Advice to Plans and Participants

Questions advisers are asking
Reported by Fred Reish and Joan Neri
Art by June Kim

ADVISER QUESTION: I am a registered investment adviser (RIA) who provides investment services to Employee Retirement Income Security Act (ERISA) retirement plans, individual retirement accounts (IRAs) and individual plan participants. I acknowledge my ERISA fiduciary status when I provide advice to these clients. I understand that Department of Labor (DOL) investigations of advisers are on the rise. I believe everything is in order, but is there anything I should be concerned about?

ANSWER: Maybe. The DOL is especially looking for prohibited transactions (PTs) that have been committed.

408(b)(2) fee disclosures now play an important role in DOL investigations. These investigations include specific questions about such disclosures. We are also seeing the Securities and Exchange Commission (SEC) raise prohibited transaction issues about plans and IRAs it encounters in its examinations.

Whenever a fiduciary adviser makes investment recommendations to an ERISA plan and earns $1,000 or more in the course of performing those services, the adviser is a “covered service provider” (CSP) under the 408(b)(2) disclosure rule. Similarly, if an individual participant hires an investment adviser to provide investment advice about his account and the adviser is paid $1,000 or more out of it, the adviser is a fiduciary CSP. As a result, the adviser needs to disclose his services, compensation and status, as an ERISA fiduciary and RIA, or the engagement would be a prohibited transaction.

A nonfiduciary adviser can also be a CSP. For instance, a representative of a broker/dealer (B/D), or financial adviser, who is not a fiduciary but provides investment services to a plan or participants is a CSP if he receives indirect compensation of $1,000 or more from the investments—e.g., insurance commissions or 12b-1 fees.

The failure of a CSP adviser to make the 408(b)(2) disclosures is a prohibited transaction. To correct it, the adviser would need to return his compensation to the plan, plus interest.
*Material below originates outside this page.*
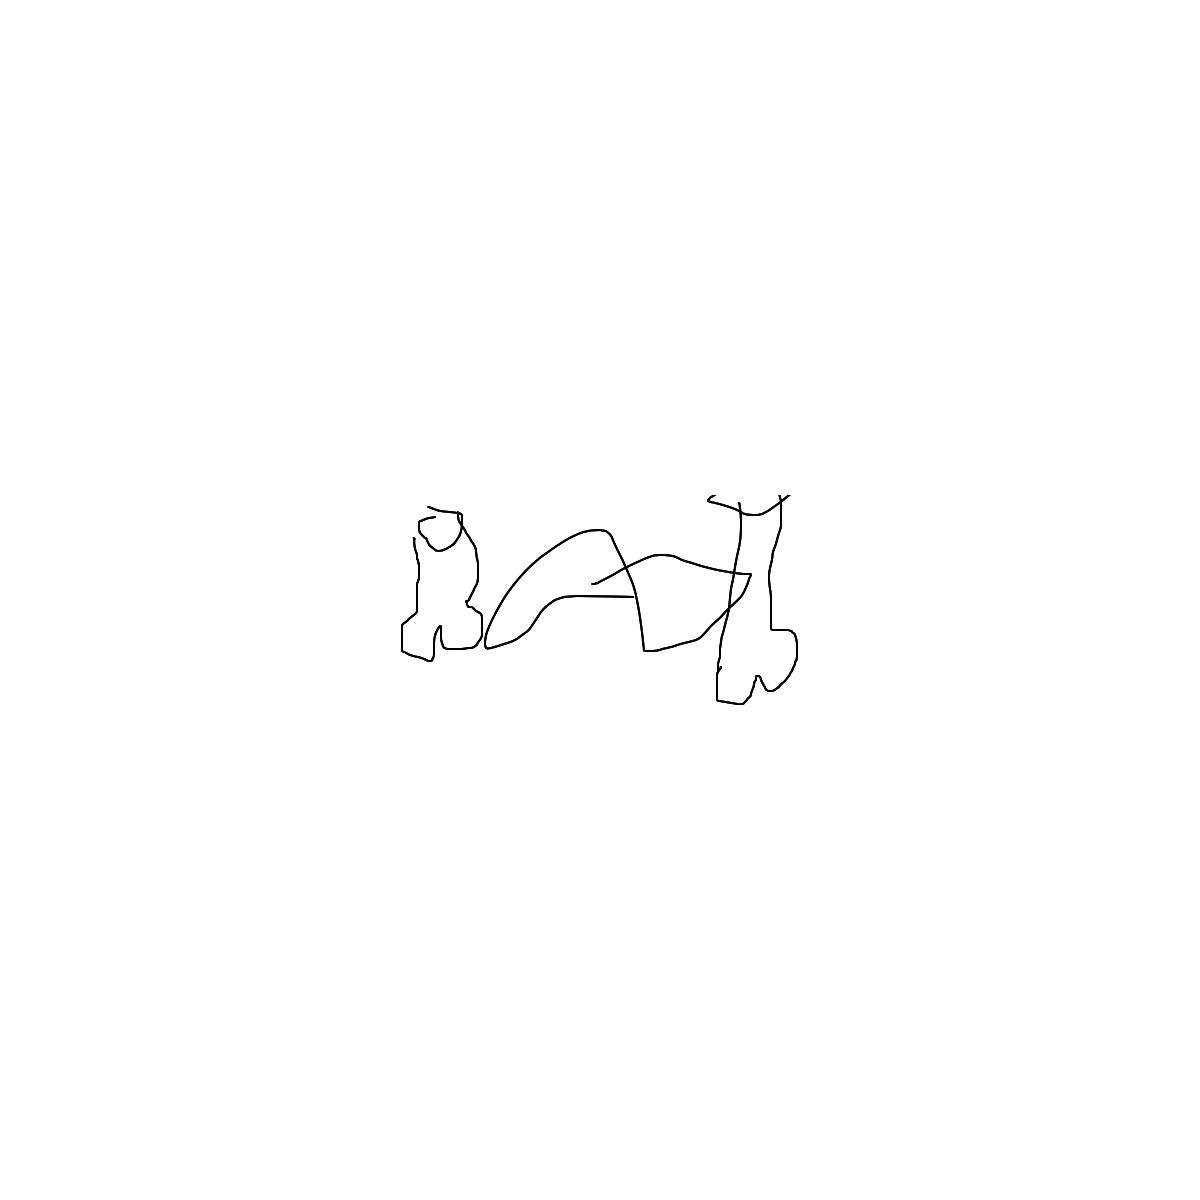 BAAAM drawing#92 lat:39.6754837036132800lng: -81.7945861816406200

He would also need to file a Form 5330 with the Internal Revenue Service (IRS) and pay a 15% excise tax on the amount involved.

But not all retirement plans are covered by the 408(b)(2) disclosure rule. 408(b)(2) does not apply to simplified employee pension plans (SEPs) and savings incentive match plan for employee (SIMPLE) IRAs. Also, 408(b)(2) does not apply to non-ERISA plans, such as IRAs and so-called “one-person” plans—retirement plans that cover only the owner or the owner and his or her spouse. As a result, the written disclosures are not required.

However, the Internal Revenue Code (IRC) prohibited transaction rules apply to IRAs—including SEPs and SIMPLEs—and to one-person, non-ERISA plans. These rules mirror ERISA’s PT rules. Both the IRC and ERISA prohibit fiduciary advisers from receiving “additional” compensation for their advice. That could occur where a fiduciary adviser receives a stated fee and then also receives compensation from the investments he recommends. In other words, advisers are prohibited from receiving any compensation above and beyond their stated fees if that additional compensation is because of their investment advice.

Here are some examples of where the DOL has found prohibited transactions:

• In one case, a fiduciary received 12b-1 fees from mutual funds he recommended—along with the adviser’s stated fee. The additional compensation was a prohibited transaction.

• In a second case, a fiduciary adviser received a finder’s fee from a hedge fund he recommended to his plans.

• A third example is where a fiduciary recommended his own firm’s collective investment trust (CIT) to retirement plans. In that case, the adviser was receiving both his stated fee for advice to the plans and his fee for managing the CIT. The adviser was required to return the management fees for the CIT to the plans, together with interest.

While these examples are about fiduciary advisers, they are also informative for nonfiduciary advisers. The DOL’s proposal to broaden the definition of fiduciary investment advice means almost any recommendation of an investment or investment manager to a plan, participant or IRA owner could be considered a fiduciary act.

Fred Reish is chair of the Financial Services ERISA practice at the law firm Dirnker, Biddle & Reath. A nationally recognized expert in employee benefits law, Reish has written four books and many articles on the Employee Retirement Income Security Act (ERISA), Internal Revenue Service (IRS) and Department of Labor (DOL) audits, as well as pension plan disputes. Joan Neri, who has been associated with the firm since 1988, is counsel on the Employee Benefits and Executive Compensation Practice Group. Her practice focuses on all aspects of employee benefits counseling.